Just four patients are being treated for Covid in Ipswich Hospital despite the rising number of cases in Suffolk - and that is not currently putting any direct pressure on hospital staff.

But there are serious problems caused by the "pingdemic" of staff being forced to self isolate after being alerted by the NHS Covid app - which is having a knock-on effect in the struggle to bring down waiting lists.

Hospital chief executive Nick Hulme, who is responsible for the Ipswich and Colchester sites, said there were four Covid patients in Ipswich and eight in Colchester. There are two Covid-positive patients being treated at the West Suffolk Hospital.

Mr Hulme said: "They are not directly putting pressure on us at the moment. But you have to remember that if you have a Covid patient in a bay you cannot have other non-Covid patients in the other five beds in the bay so every patient effectively knocks out six beds.

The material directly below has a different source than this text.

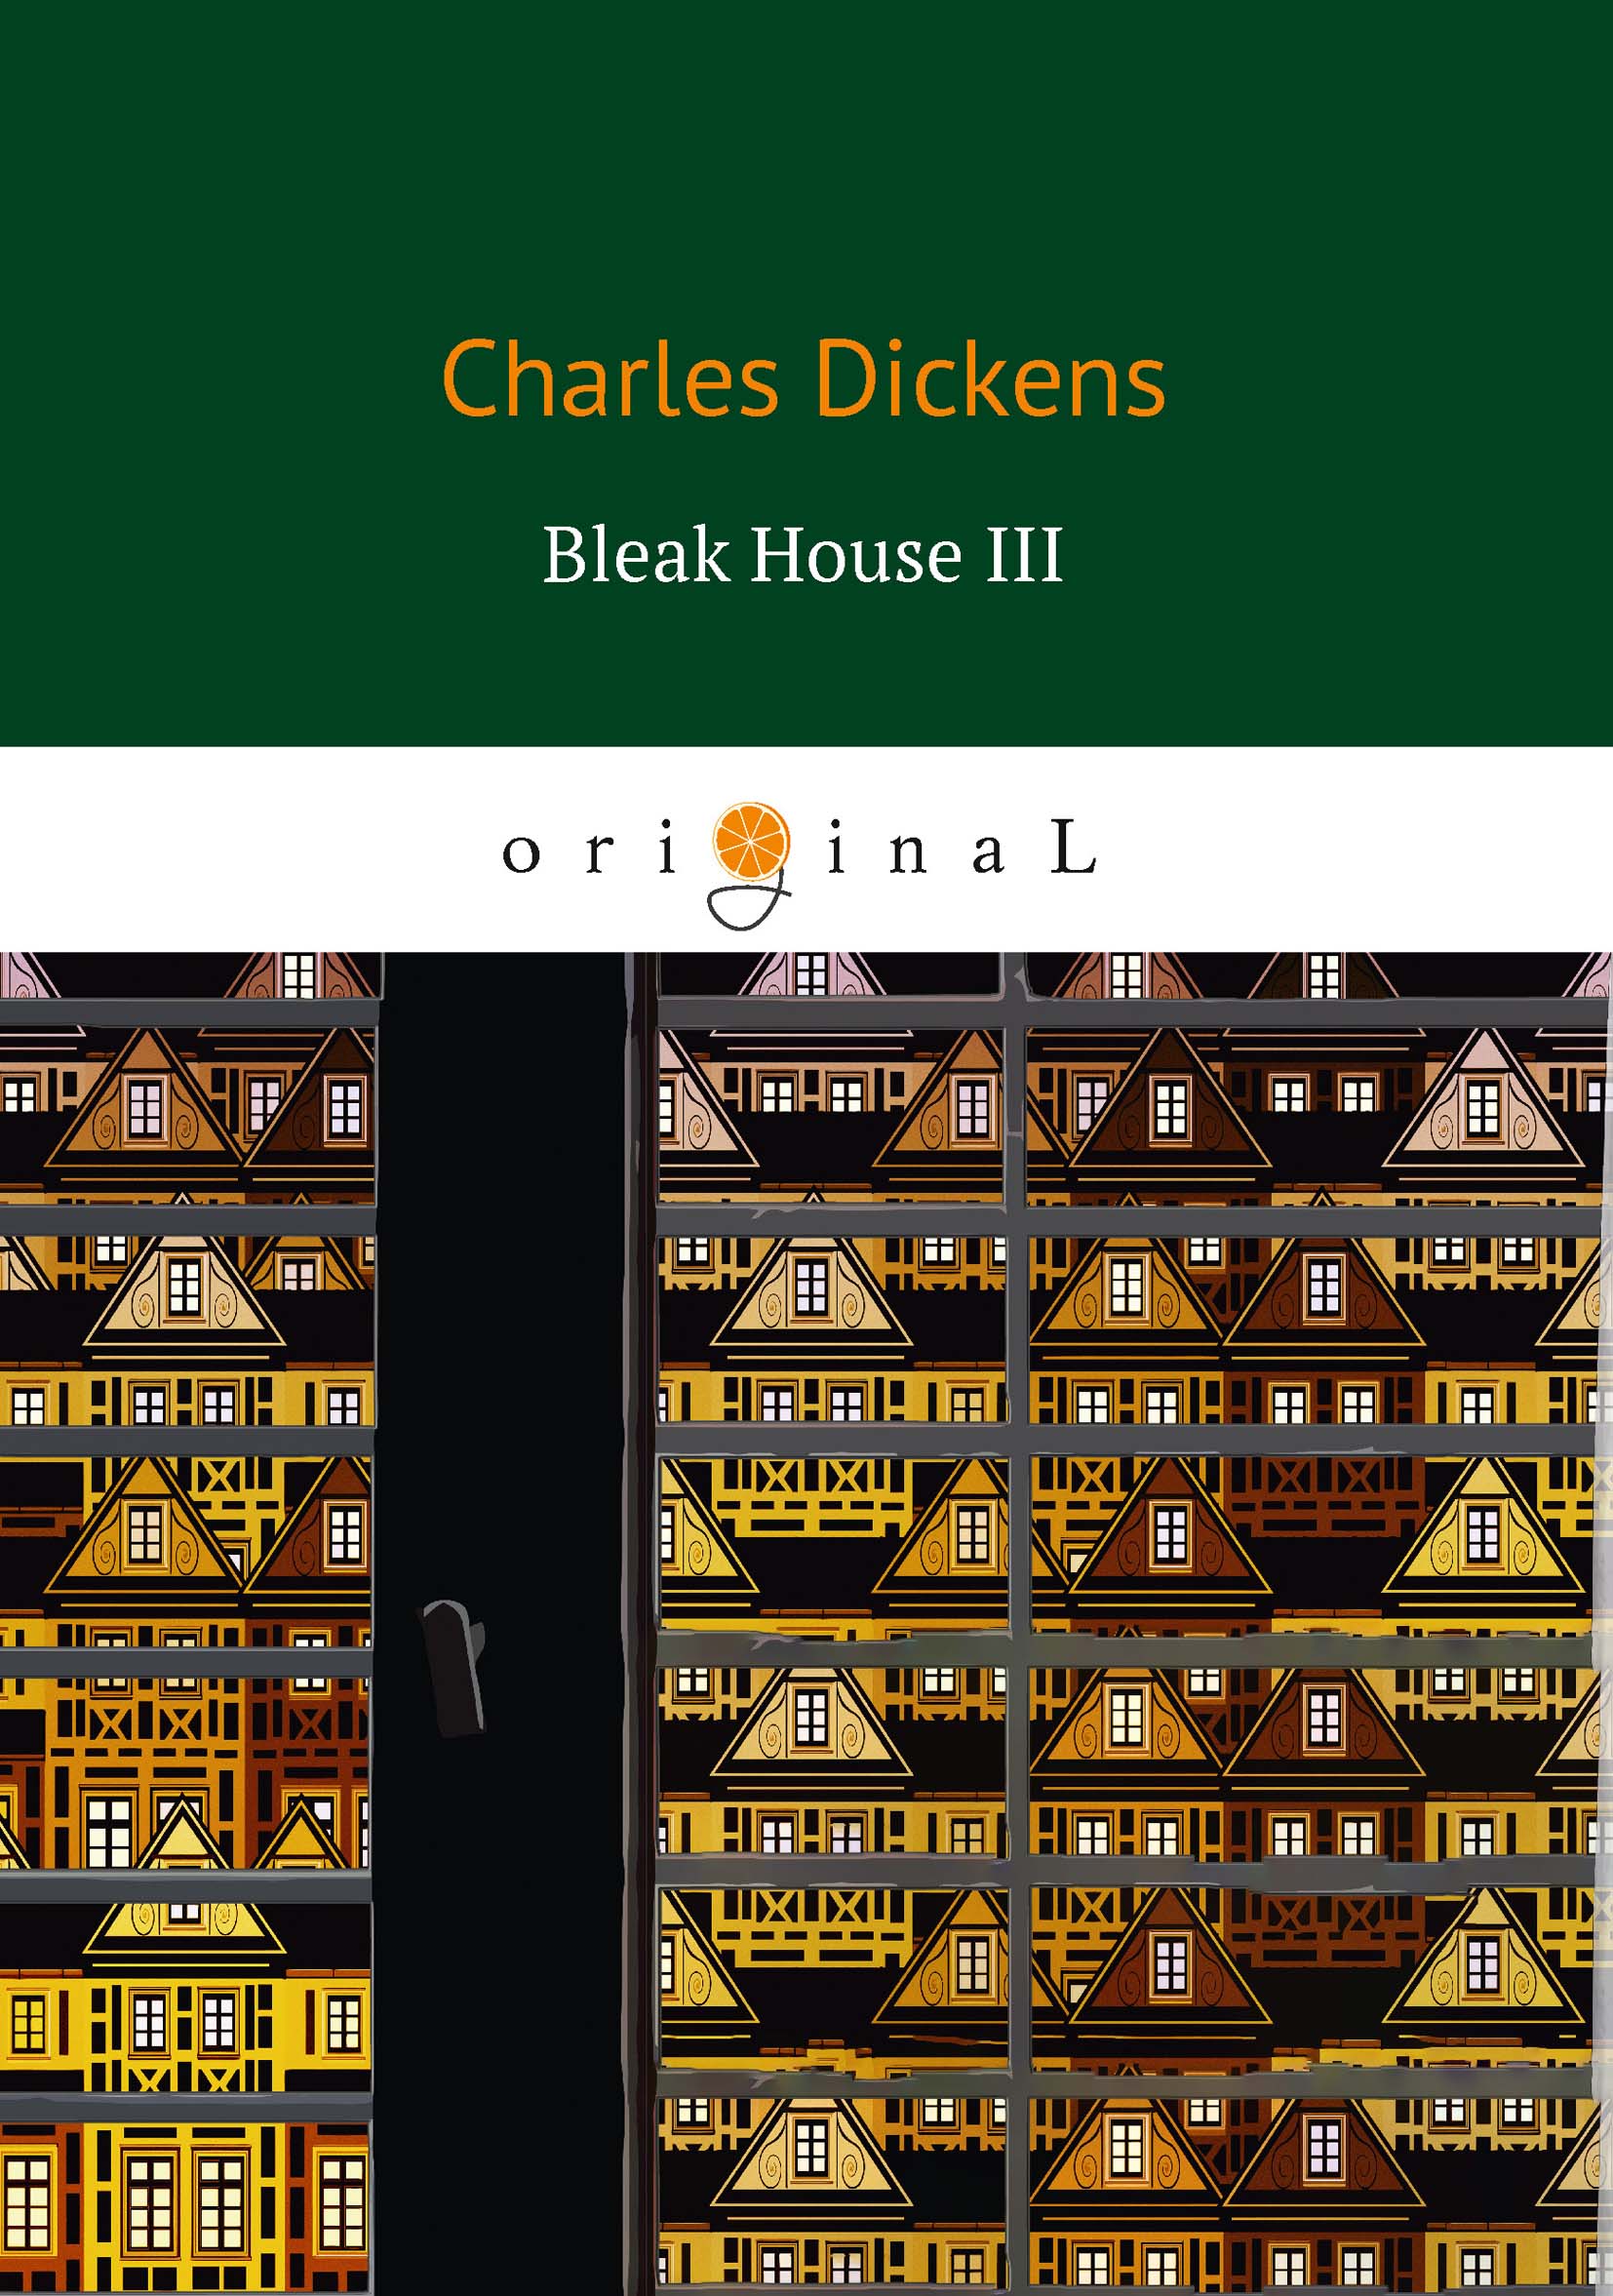 Bleak House III. Charles Dickens

"But the numbers are still low and that is largely down to the vaccine."

But the Covid app was causing serious problems as the hospital struggles to catch up on elective surgery.

It has been forced to cancel dozens of routine operations because staff have have been told to self-isolate after falling victim to the "pingdemic" that has prompted many people to turn off the Covid app on their phone.

On Friday 32 members of staff had to take time off because they had been "pinged" by the app because they - or their children - were considered to be a close contact of someone who had tested positive for Covid. On Thursday 40 people were off.

Mr Hulme said this has caused several elective surgery lists to be cancelled because vital specialist staff were not available: "The numbers may not look huge but many of them are vital members of the team and surgery simply cannot go ahead without them. If you lose a surgeon the whole team has to stand down."

The hospital is facing the longest waiting lists he could remember in 40 years of working in the NHS. "The situation is worse than before the Blair government came in and spent a lot of money to bring waiting lists down," he said.

He said there needed to he a hard look at how the app was working: "I'm not saying it necessarily has to be changed, but it needs to be looked at - particularly the way it tells people who have had both vaccines to self-isolate."